Forschende des Paul Scherrer Instituts (PSI) und Partnerinstitute haben eine künstliche Intelligenz namens Image2Reg entwickelt, die genetische Störungsmuster in Zellbildern erkennt. Die in Cell Systems veröffentlichte Studie unter Leitung von G.V. Shivashankar (PSI/ETH Zürich) und Caroline Uhler (MIT/Broad Institute) zeigt einen kostengünstigen Ansatz, der die Medikamentenentwicklung für Krankheiten wie Krebs oder Alzheimer vorantreiben könnte.
Image2Reg analysiert mikroskopische Zellkernbilder nach Hoechst-Färbung, um Veränderungen in der Chromatinstruktur – der DNA-Verpackung – zu erkennen. Ein Convolutional Neural Network (CNN) wurde mit fast einer Million Einzelzellbildern trainiert, um subtile Muster zu identifizieren, die auf Genaktivitäten hinweisen.
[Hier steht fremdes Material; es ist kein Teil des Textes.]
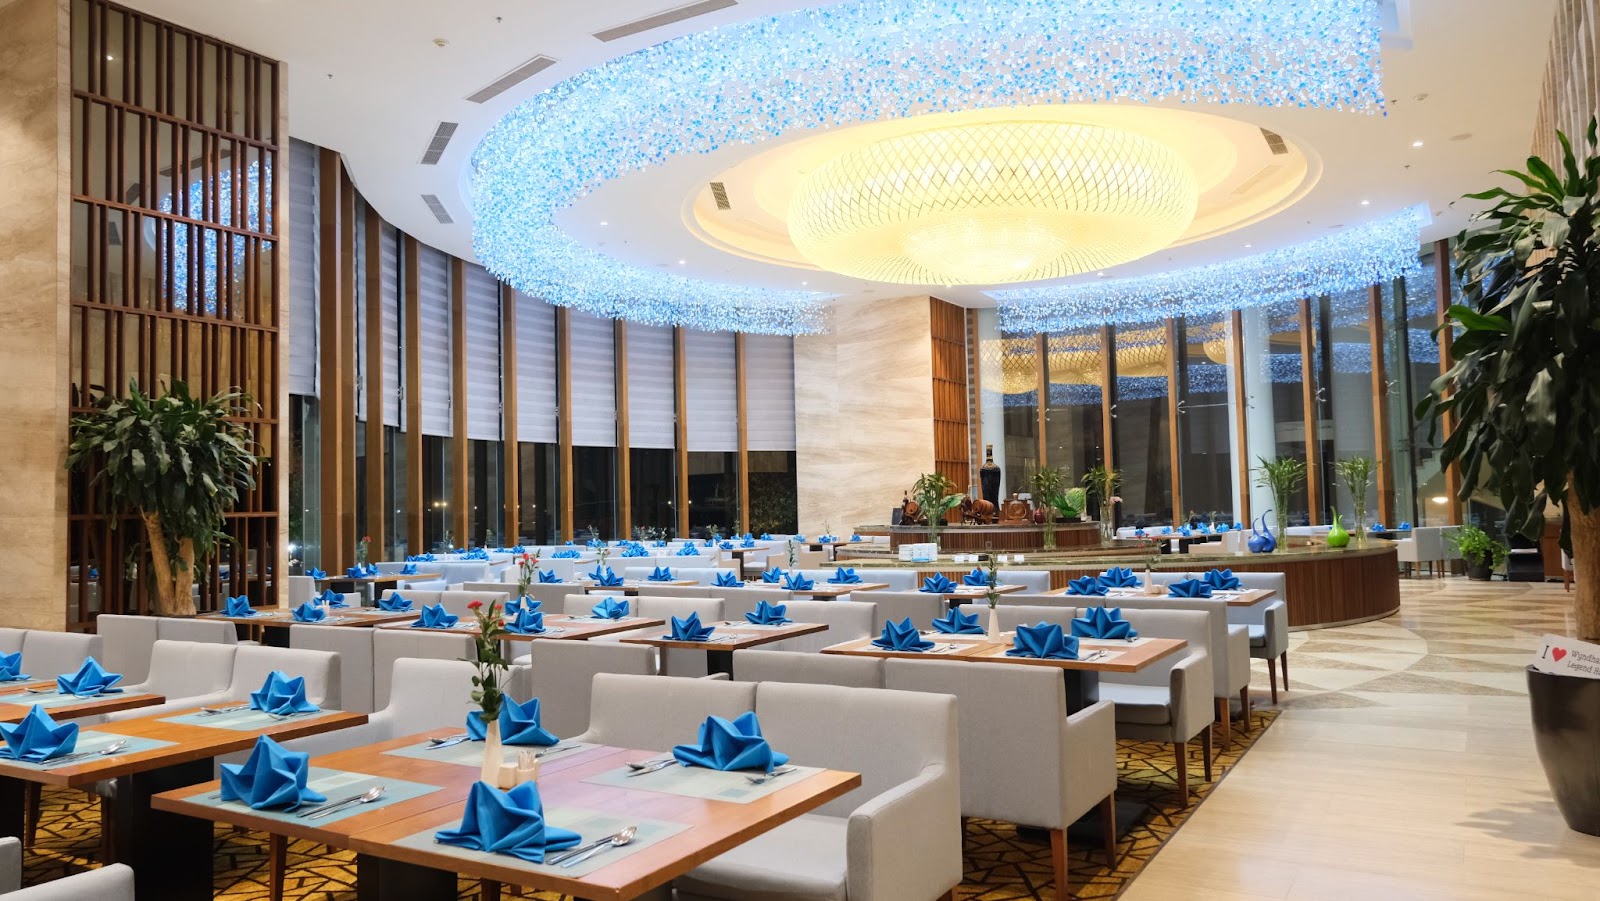 Du lịch Hạ Long cuối năm tại khách sạn 5 sao Wyndham Legend Ha Long - Wyndham Legend Ha Long - lựa chọn lý tưởng cho kỳ nghỉ cuối năm - Thưởng thức ẩm thực quốc tế

Parallel erstellt die KI ein zelltypspezifisches Netzwerk aus Proteininteraktionen und Genexpressionsdaten, das die Beziehungen zwischen Genen beschreibt. Beide Ebenen werden mittels eines Neural Tangent Kernel (NTK) verknüpft, um Genveränderungen sichtbar zu machen.
Im Test erkannte die KI mit 26 Prozent Genauigkeit, welches von 41 Genen verändert war – weit über dem Zufallsniveau von zwei Prozent. Dieser Ansatz könnte teure Sequenzierungsverfahren ersetzen und die frühe Diagnose von Krankheiten wie Krebs oder Autoimmunerkrankungen ermöglichen. Ein Start-up plant, die Technologie für die Therapie von Fibrosen einzusetzen, bei denen Organe durch Narbengewebe geschädigt werden.
Image2Reg verbindet Bildanalyse mit molekularer Biologie und eröffnet neue Wege für Diagnostik und Therapieentwicklung.